Montrés du doigt après le carnage au fusil d'assaut qui a fait 17 morts dans une école secondaire de Floride, les fabricants d'armes américains, déjà en situation financière difficile, subissent désormais la défiance de grandes entreprises qui ont commencé à s'en distancer.

Sous la pression populaire exprimée sur les réseaux sociaux, les loueurs de voitures Hertz et Enterprise (Alamo, National), les assureurs MetLife et Chubb, et la société de sécurité informatique Symantec ne veulent plus être associés à la NRA, le puissant lobby des armes.

Ces sociétés ont, l'une après l'autre, officiellement mis fin vendredi à leurs partenariats respectifs. Dans la plupart des cas, ces partenariats reposaient sur de multiples avantages accordés à des membres de la NRA souhaitant par exemple louer une voiture, prendre l'avion ou obtenir une assurance spécifique.

«Les réactions des clients nous ont poussés à revoir nos relations avec la NRA», a tweeté First National Bank of Omaha, un des plus gros émetteurs de cartes de crédit aux États-Unis.

Samedi, ce sont les compagnies aériennes Delta Air Lines et United Airlines qui ont annoncé sur Twitter  supprimer les réductions accordées jusque-là aux membres de la NRA. Elles ont demandé dans des communiqués distincts au lobby des armes de supprimer de son site les informations sur leurs tarifs préférentiels.

Et l'une des plus grosses banques américaines, Bank of America, a annoncé qu'elle réexaminait ses relations avec les fabricants d'armes.

«Nous nous joignons à d'autres groupes de notre secteur pour voir ce que nous pouvons faire pour arrêter la tragédie des fusillades meurtrières», a indiqué la banque à l'AFP. Elle va donc «contacter le nombre limité de ses clients qui fabriquent des fusils d'assaut à usage non militaire pour voir comment ils peuvent contribuer à cette responsabilité partagée».

«Il y a (actuellement) beaucoup de réactions hostiles» envers l'industrie des armes, explique à l'AFP Jeff Pistole, un vendeur d'armes de l'Arkansas. «Au départ, les gens (fabricants) se disaient «avec Trump président, nous ne sommes pas inquiets»» d'un durcissement de la réglementation sur les armes».

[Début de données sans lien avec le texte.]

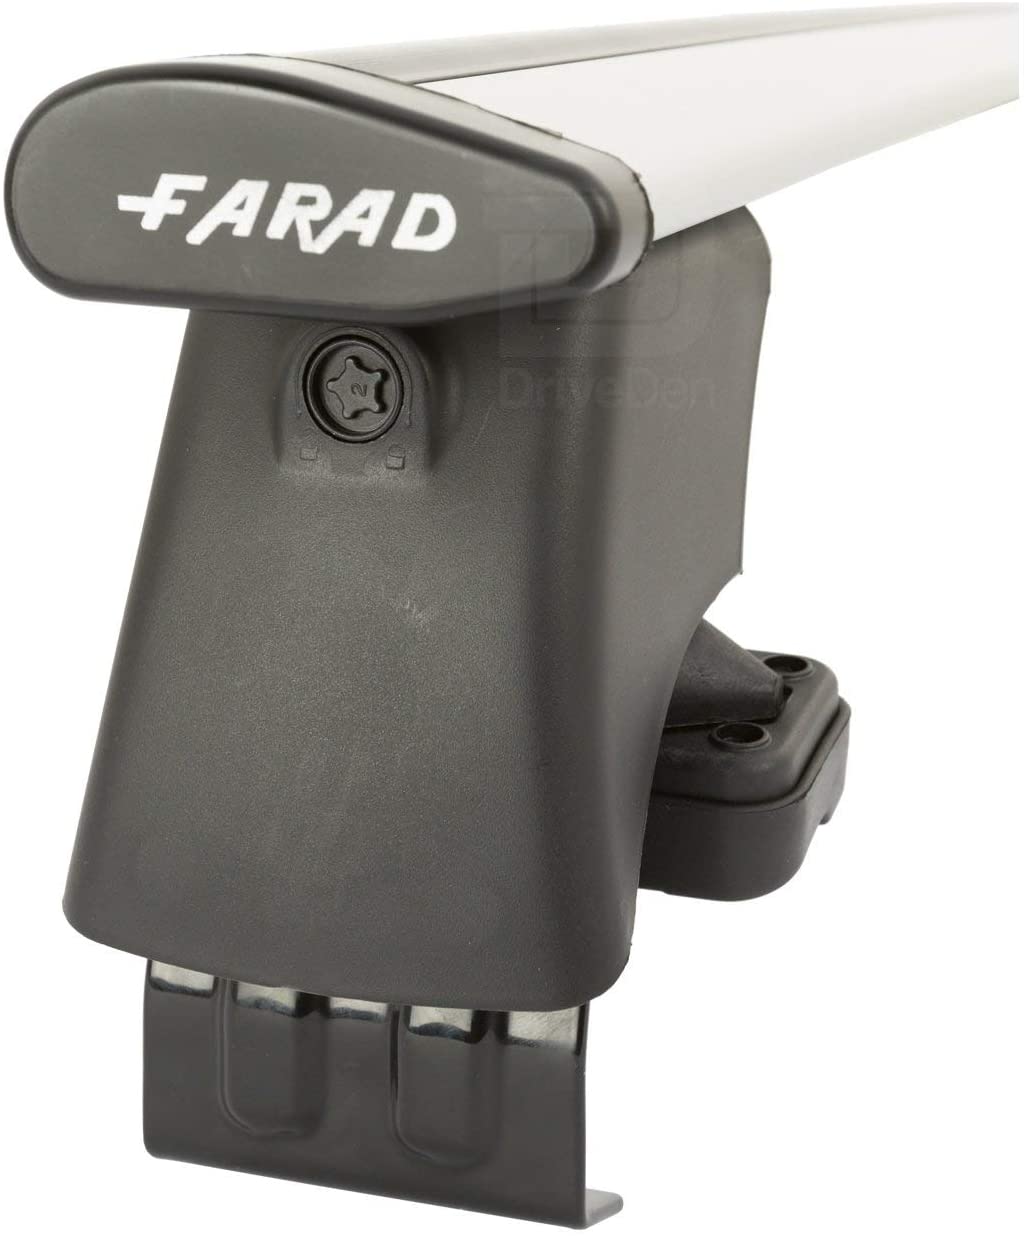 FARAD-Kit H2 per barre portatutto - Chevrolet Aveo 2006-2011 (senza corrimano)

Mais la dynamique a changé, selon lui, après l'attaque menée le 14 février par un jeune homme de 19 ans contre son ancienne école à Parkland. Au total 17 personnes ont perdu la vie, jeunes pour la plupart.

Effet Clinton

Traditionnellement, les ventes d'armes bondissent aux États-Unis après une fusillade par crainte d'un resserrement de la règlementation, mais la demande retombe souvent aussitôt parce que les condamnations politiques ne sont pas suivies par des mesures concrètes, résume M. Pistole.

Mais cette fois-ci, certains élèves rescapés sont devenus en quelques jours les figures d'un mouvement national spontané qui interpelle les élus afin qu'ils agissent pour durcir la législation sur les armes.

Sous pression, Donald Trump a demandé au département de la Justice d'améliorer les vérifications d'antécédents psychiatriques et judiciaires des acquéreurs d'armes à feu. Il s'est dit en faveur d'un relèvement de l'âge légal pour acheter certaines armes.

Les actions des fabricants d'armes en sont affectées à Wall Street: le titre de Sturm Ruger a perdu 4% de sa valeur en Bourse depuis le 14 février, celui d'American Outdoor Brands, connu par le passé sous le nom Smith & Wesson, a abandonné 5,8% et Vista Outdoor Inc, spécialiste des munitions, 6,1%.

La société d'investissements américaine BlackRock, un des gros actionnaires d'American Outdoor Brands, Sturm Ruger et Vista Outdoor, a fait savoir qu'elle allait discuter de la fusillade de Floride avec les trois fabricants.

Ces pressions tombent au plus mal pour le secteur qui traverse une période difficile, marquée par des suppressions d'emplois et des réductions d'activité dans les usines.

Plombée par une dette colossale, Remington Outdoor, société fondée il y a plus de 200 ans, envisage de déposer le bilan dans les prochains jours.

Sturm Ruger a supprimé en 2017 environ 700 emplois, soit 28% de ses effectifs. Son chiffre d'affaires a chuté de 22% et son bénéfice de 40%, en raison d'une baisse du prix des armes.

L'industrie pâtit de stocks importants amassés avant novembre 2016 dans la crainte d'une victoire d'Hillary Clinton, favorable à des lois plus restrictives sur les armes, selon les experts.

«Des concurrents ont essayé de s'adapter à la chute de la demande» en cassant les prix, a expliqué Christopher Metz, nouveau PDG de Vista Outdoor.